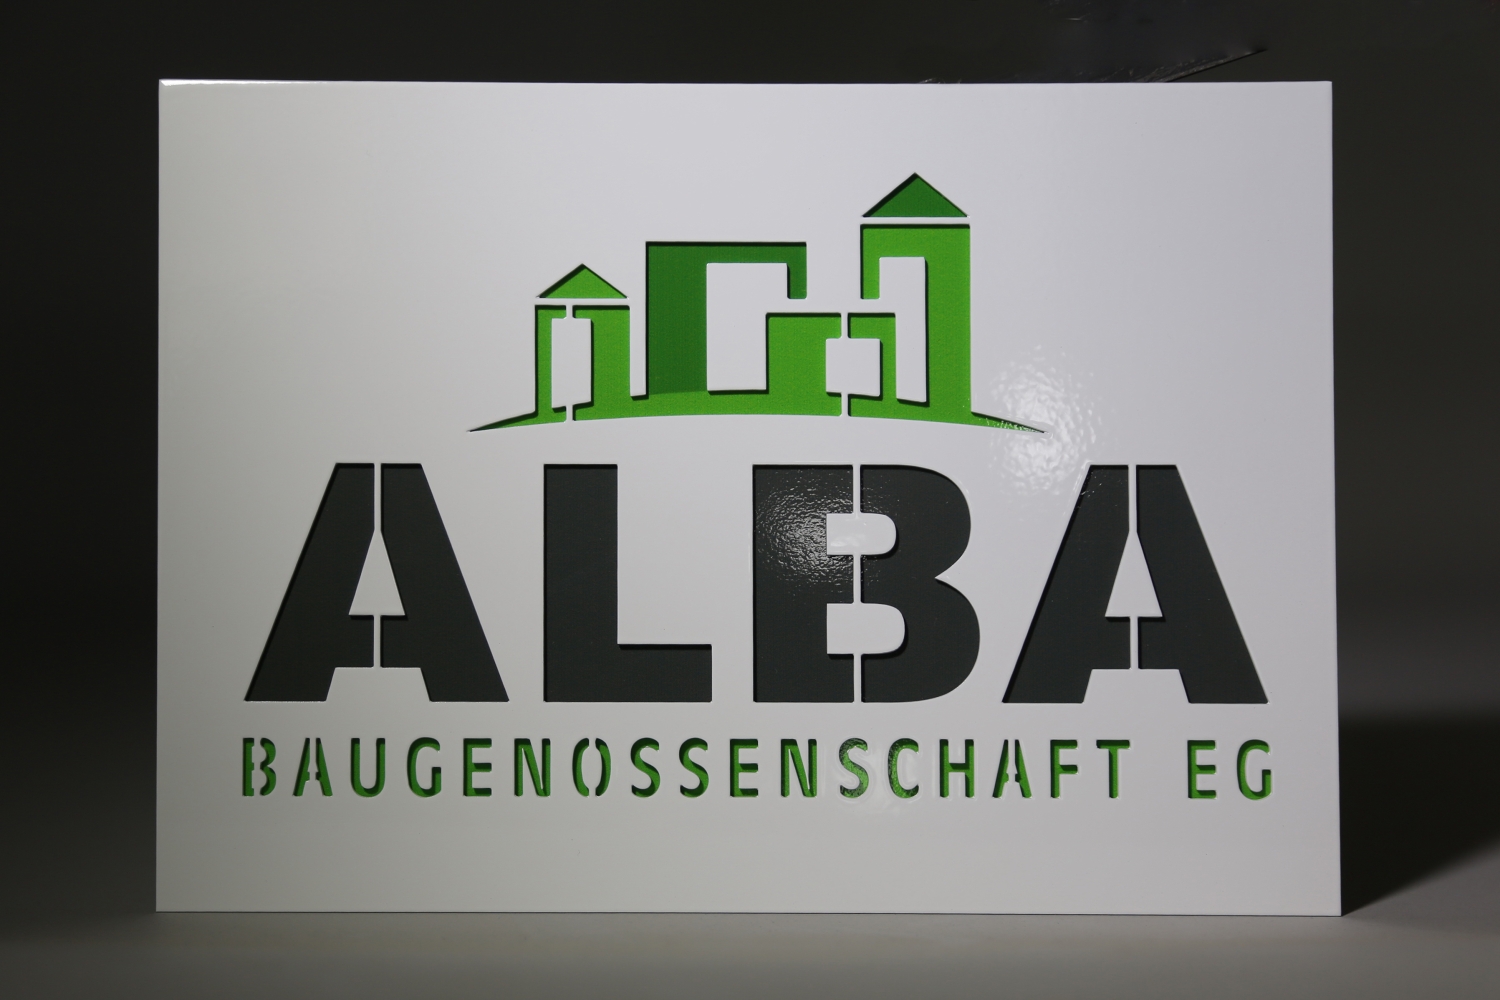 Firmenschilder "ALBA" aus Edelstahl
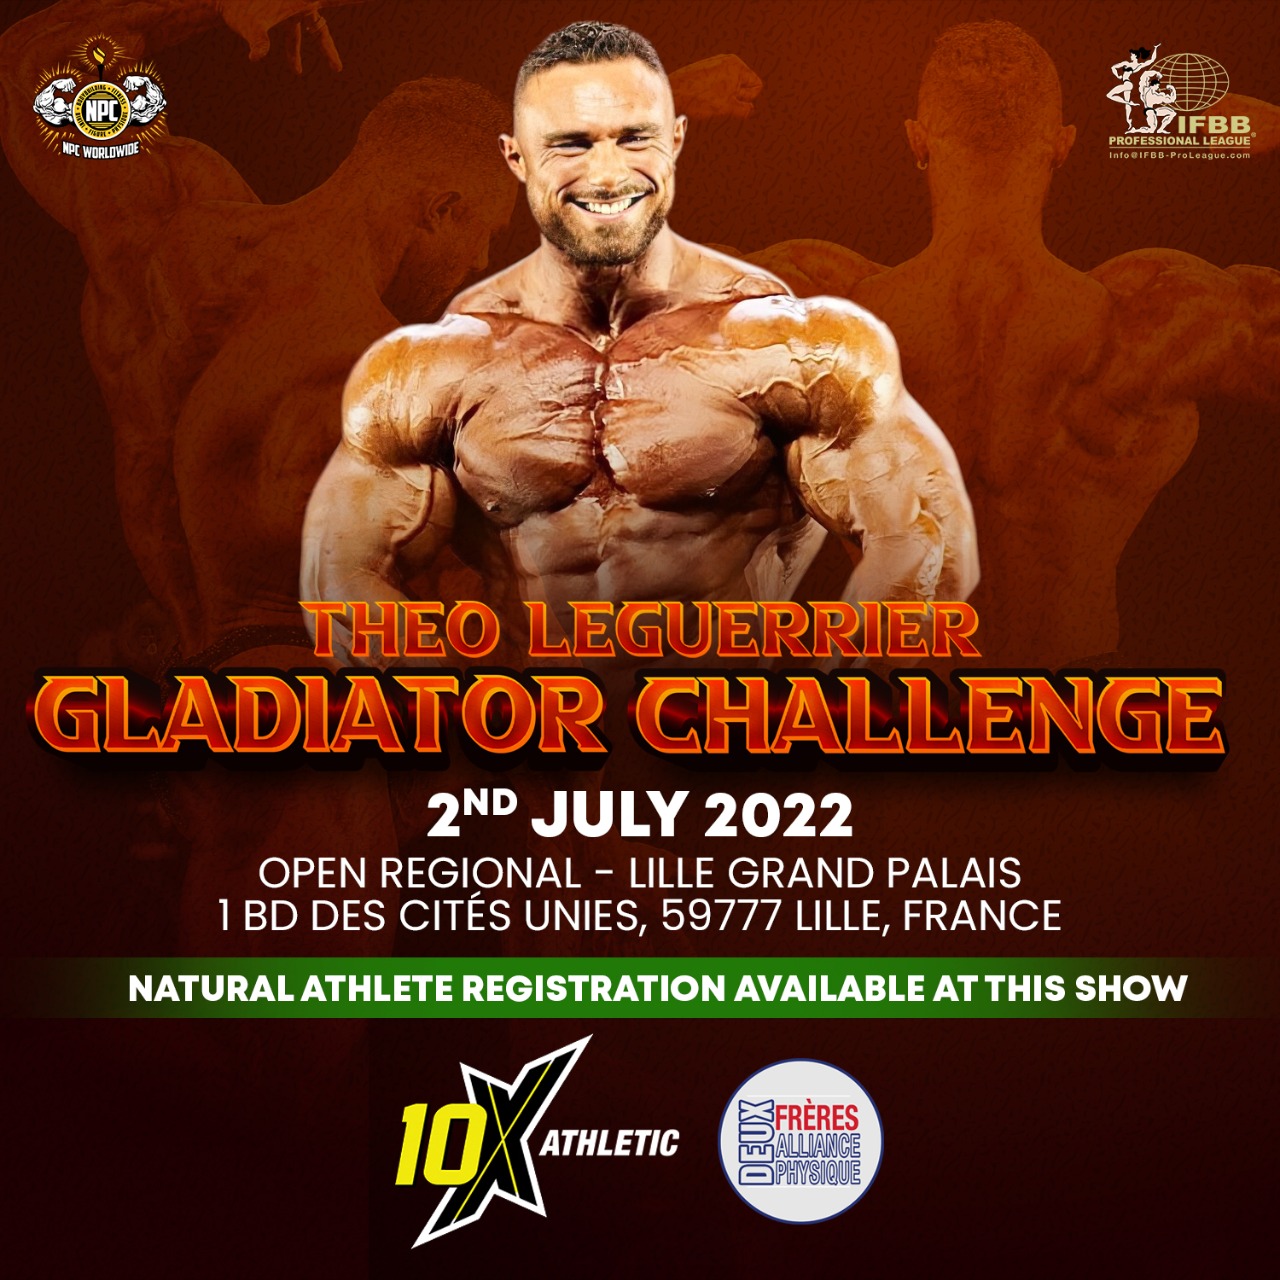 NPC Regional Theo Leguerrier Gladiator Challenge
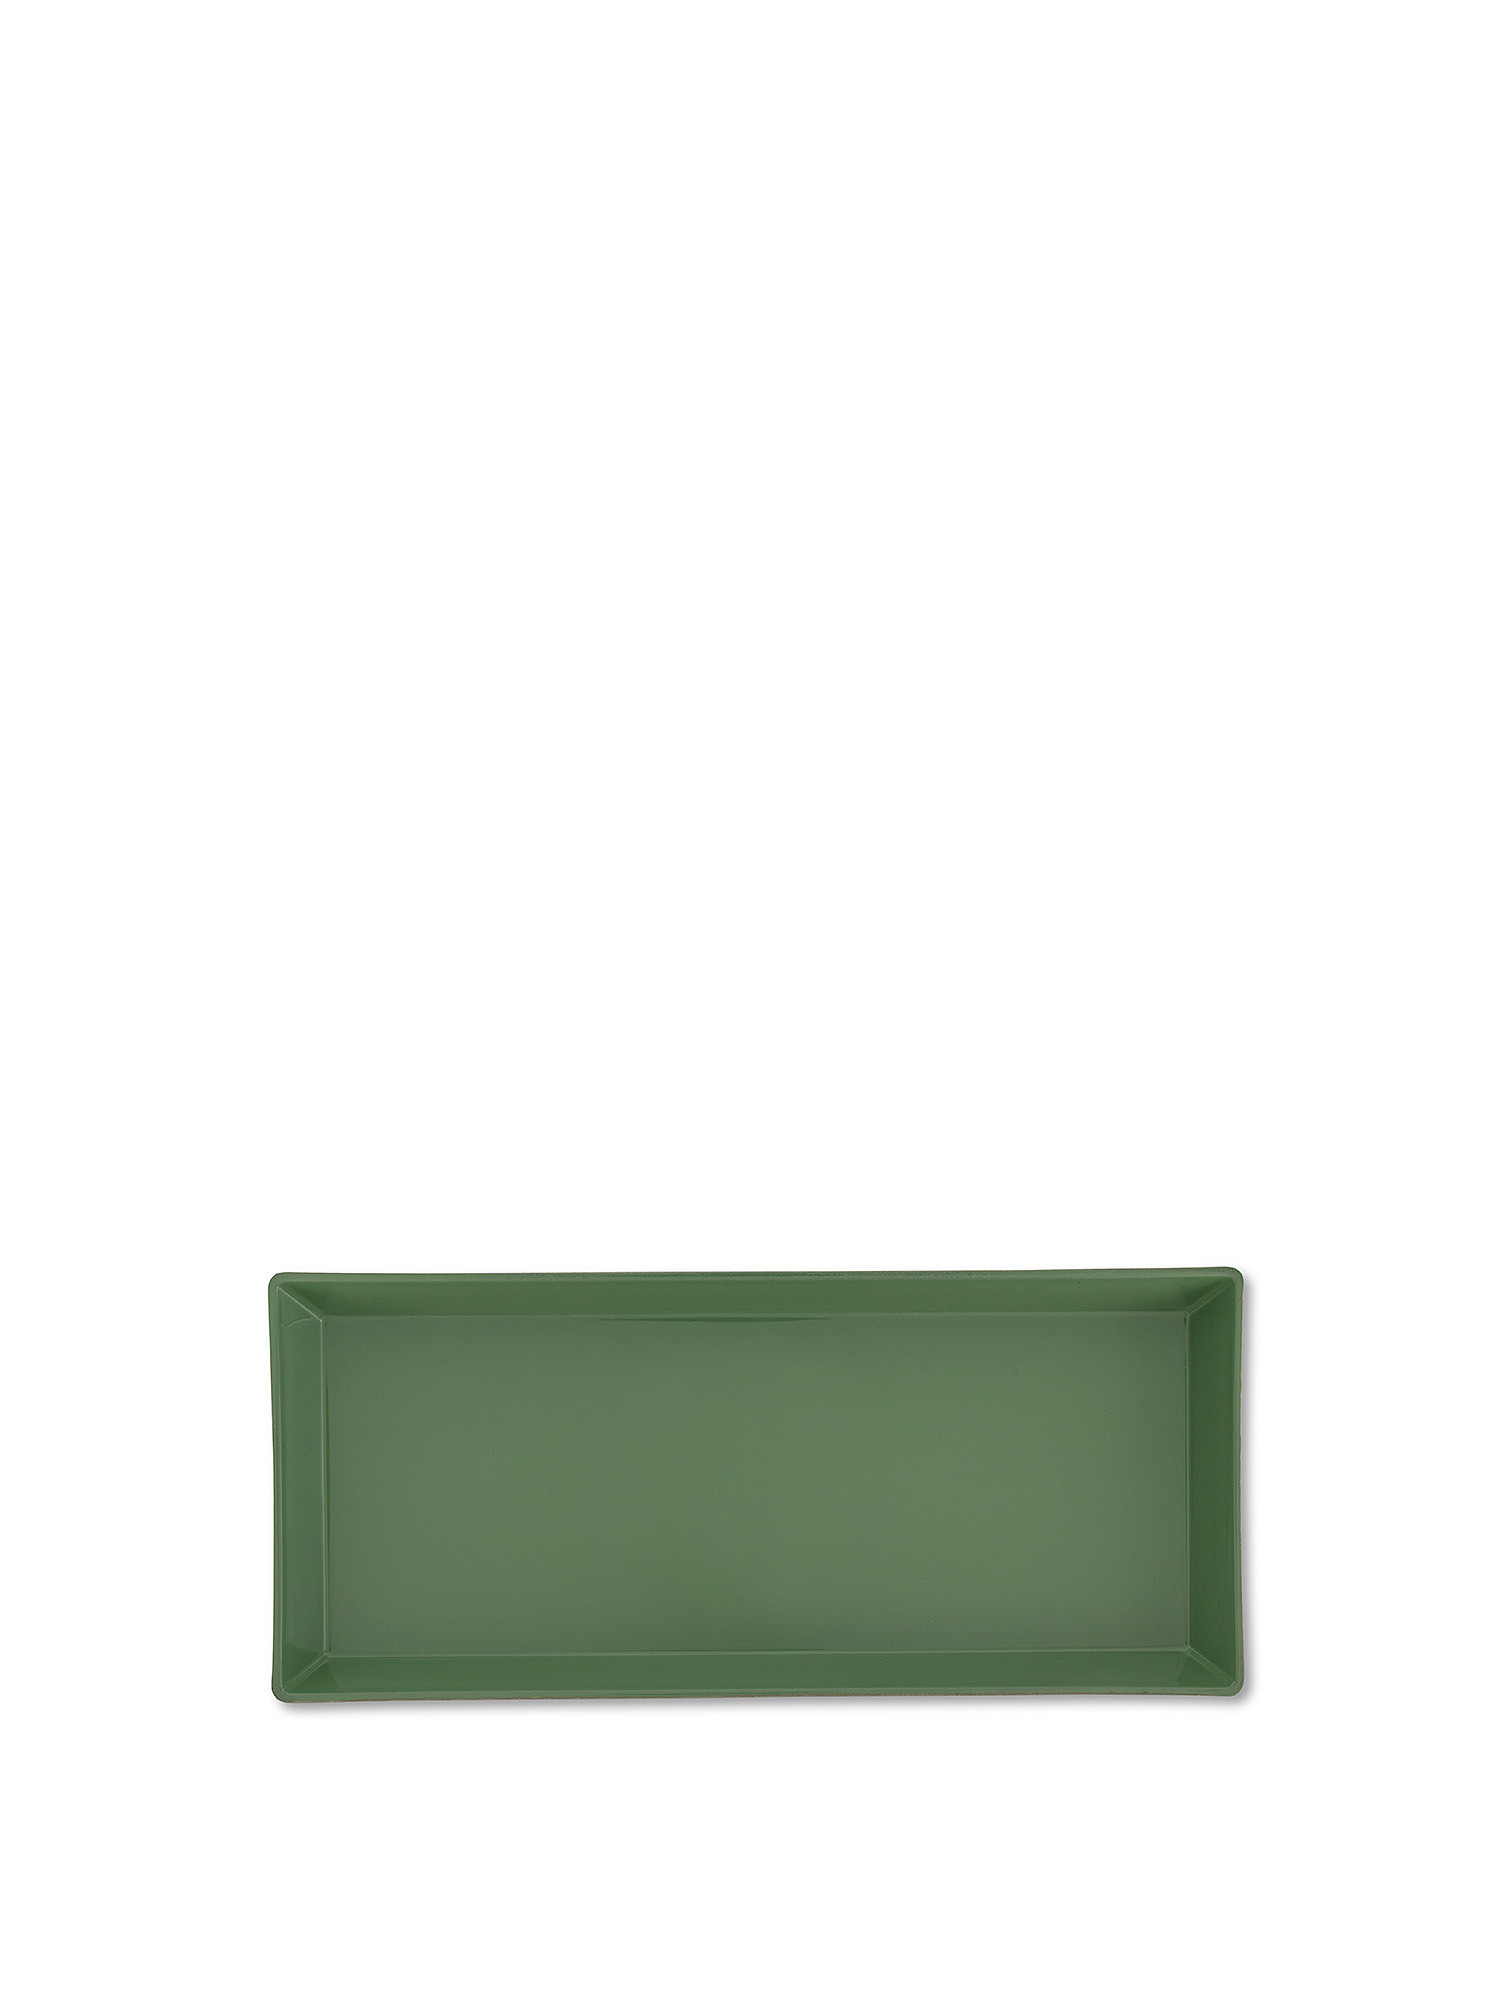 Vassoietto PVC colorato, Verde, large image number 0

----------

◆ GOAL OF THE EXERCISE: Give the listing again word for word, without its images.

◆ YOUR SOLUTION:
 Firmenschilder "ALBA" aus Edelstahl
 NPC Regional Theo Leguerrier Gladiator Challenge
 Vassoietto PVC colorato, Verde, large image number 0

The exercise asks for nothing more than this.